Clojure has been so fun to learn and I really like the community. The various
projects and tools coming out seem to really jibe with my wanted approach to
learning this whole software game.

------
dancek
I like Clojure a lot. I'm sure it would be a great language for configuring
and extending an editor (I should know, I've written basically the same plugin
for Vim [0] and DrRacket [1]).

However, one thing I don't like is JVM for CLI software. I even downloaded the
jar to see if the startup is as slow as I expect (it is). I wonder if running
this as ClojureScript on Node.js or compiling with GraalVM could speed things
up.

OTOH when I started playing around with lisps I considered switching to Emacs
for a while. I didn't because I was put off with the trouble of learning a
completely new interface, the slow startup and the high resource usage. But I
guess I'd still rather learn Emacs than some new quite unknown editor.

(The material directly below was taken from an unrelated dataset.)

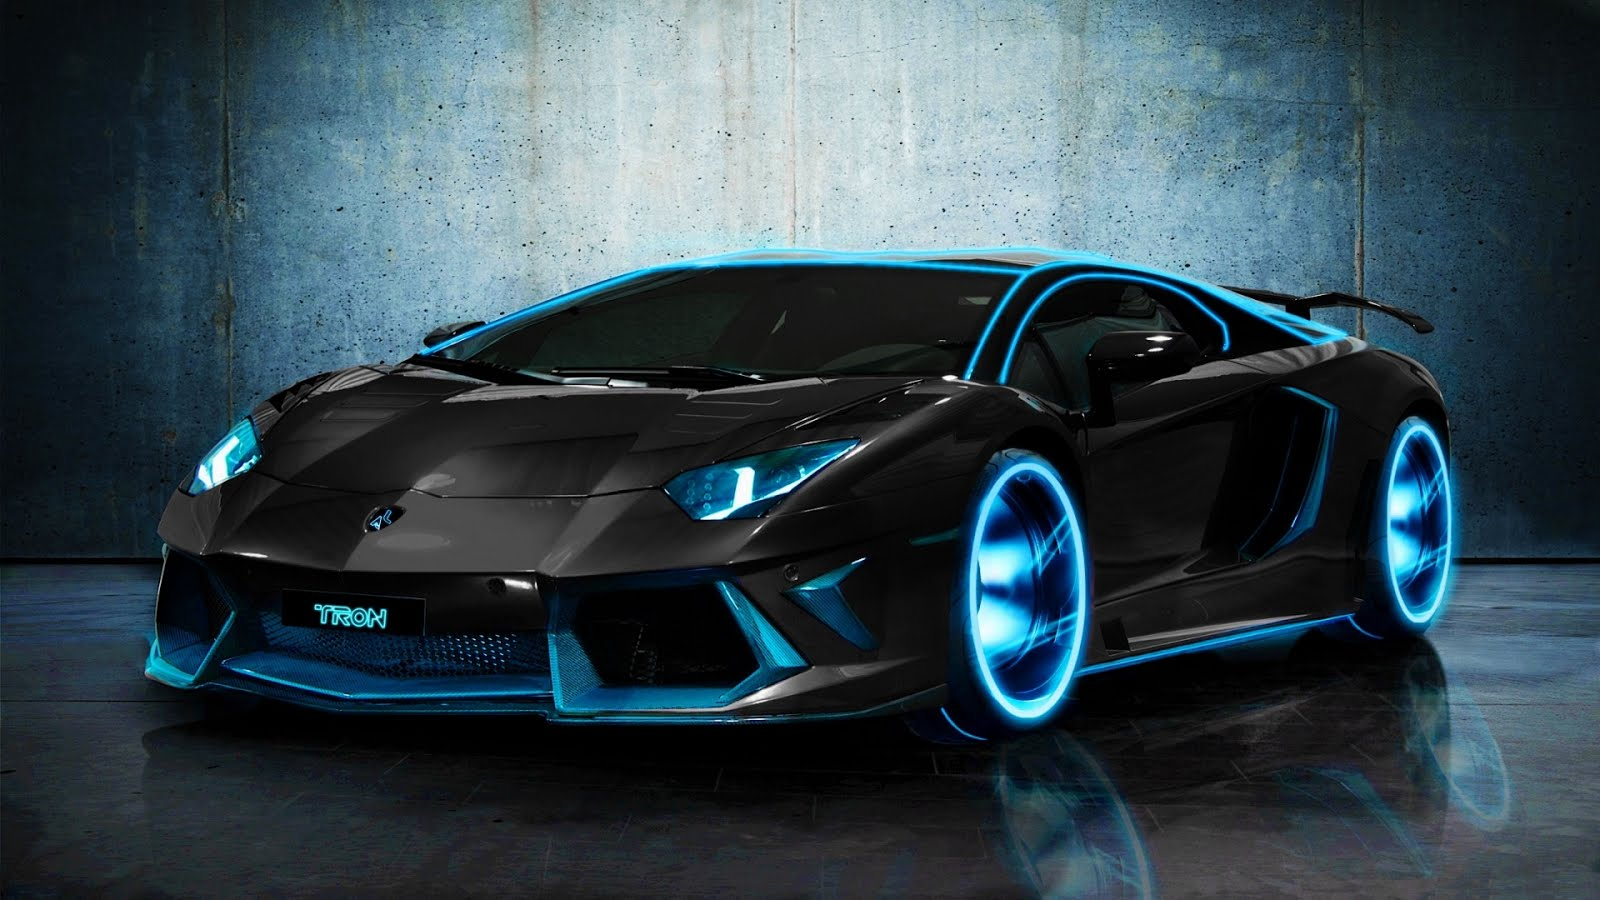 3d Wallpapers Lamborghini Wallpapers: LAMBORGHINI Desktop Wallpaper Pics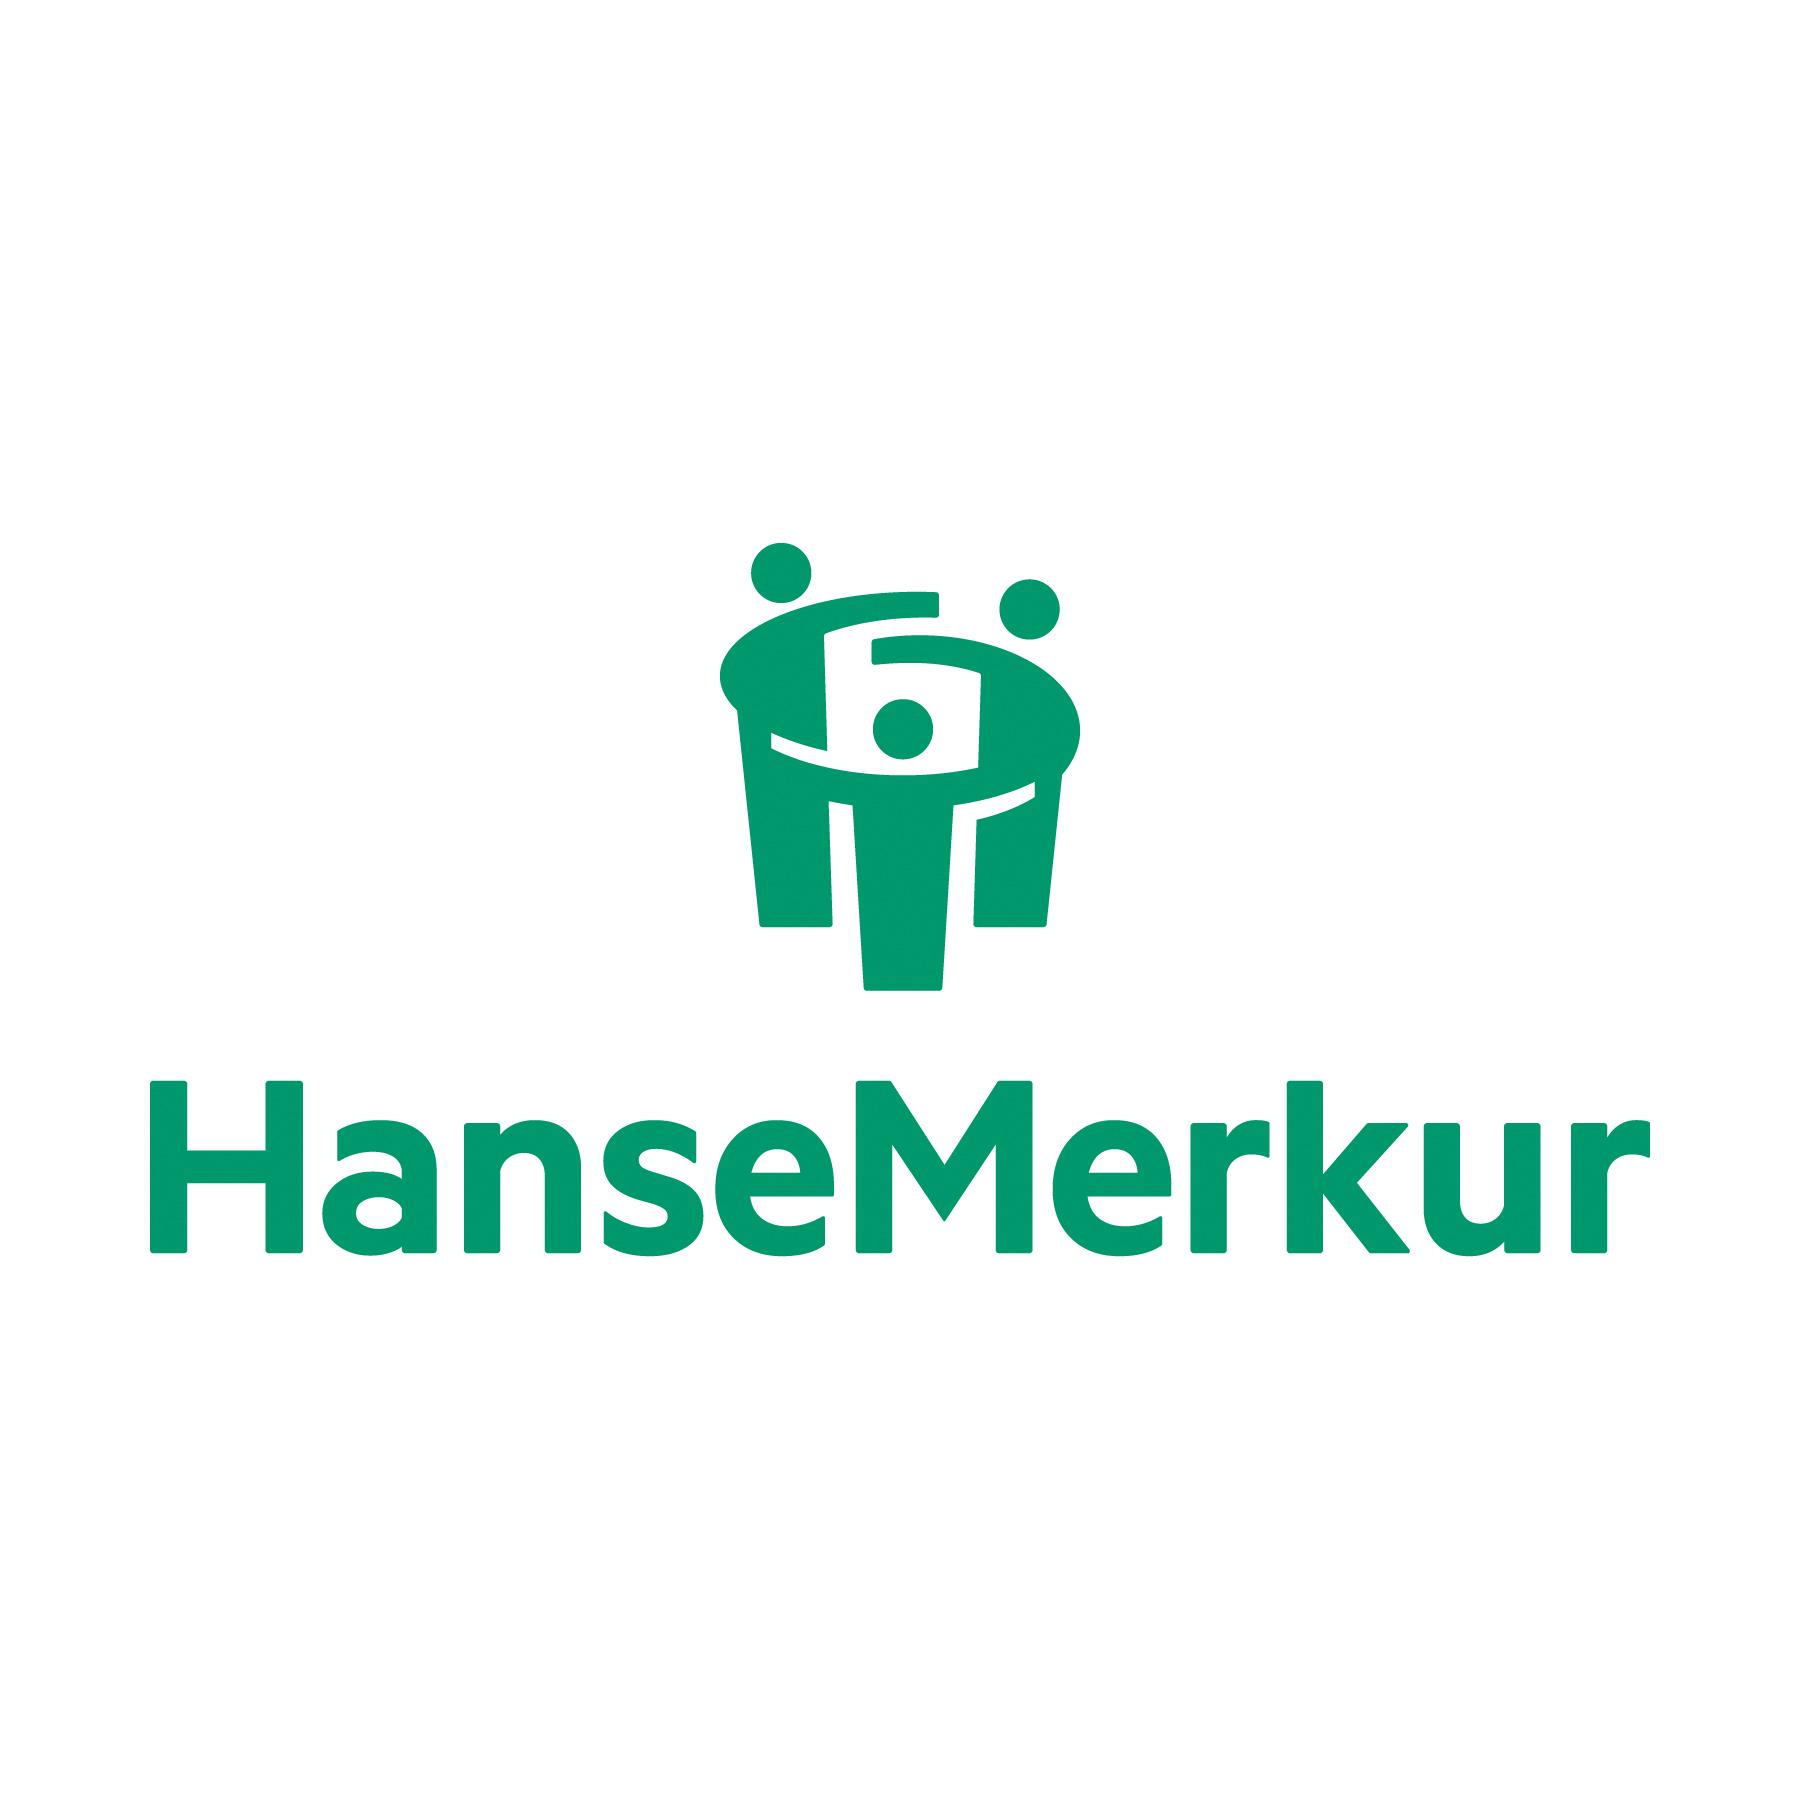 Hanse_Merkur.jpg

[0]: [https://gitlab.com/code-stats/code-stats-vim](https://gitlab.com/code-
stats/code-stats-vim)

[1]: [https://github.com/dancek/code-stats-
drracket](https://github.com/dancek/code-stats-drracket)

------
jstewartmobile
I've seen so many embeddable text editors with a server-mode recently. Anyone
know if there's a common API standard for editor-as-a-service yet?

------
berbec
Can you end a holy war by mixing both sides together?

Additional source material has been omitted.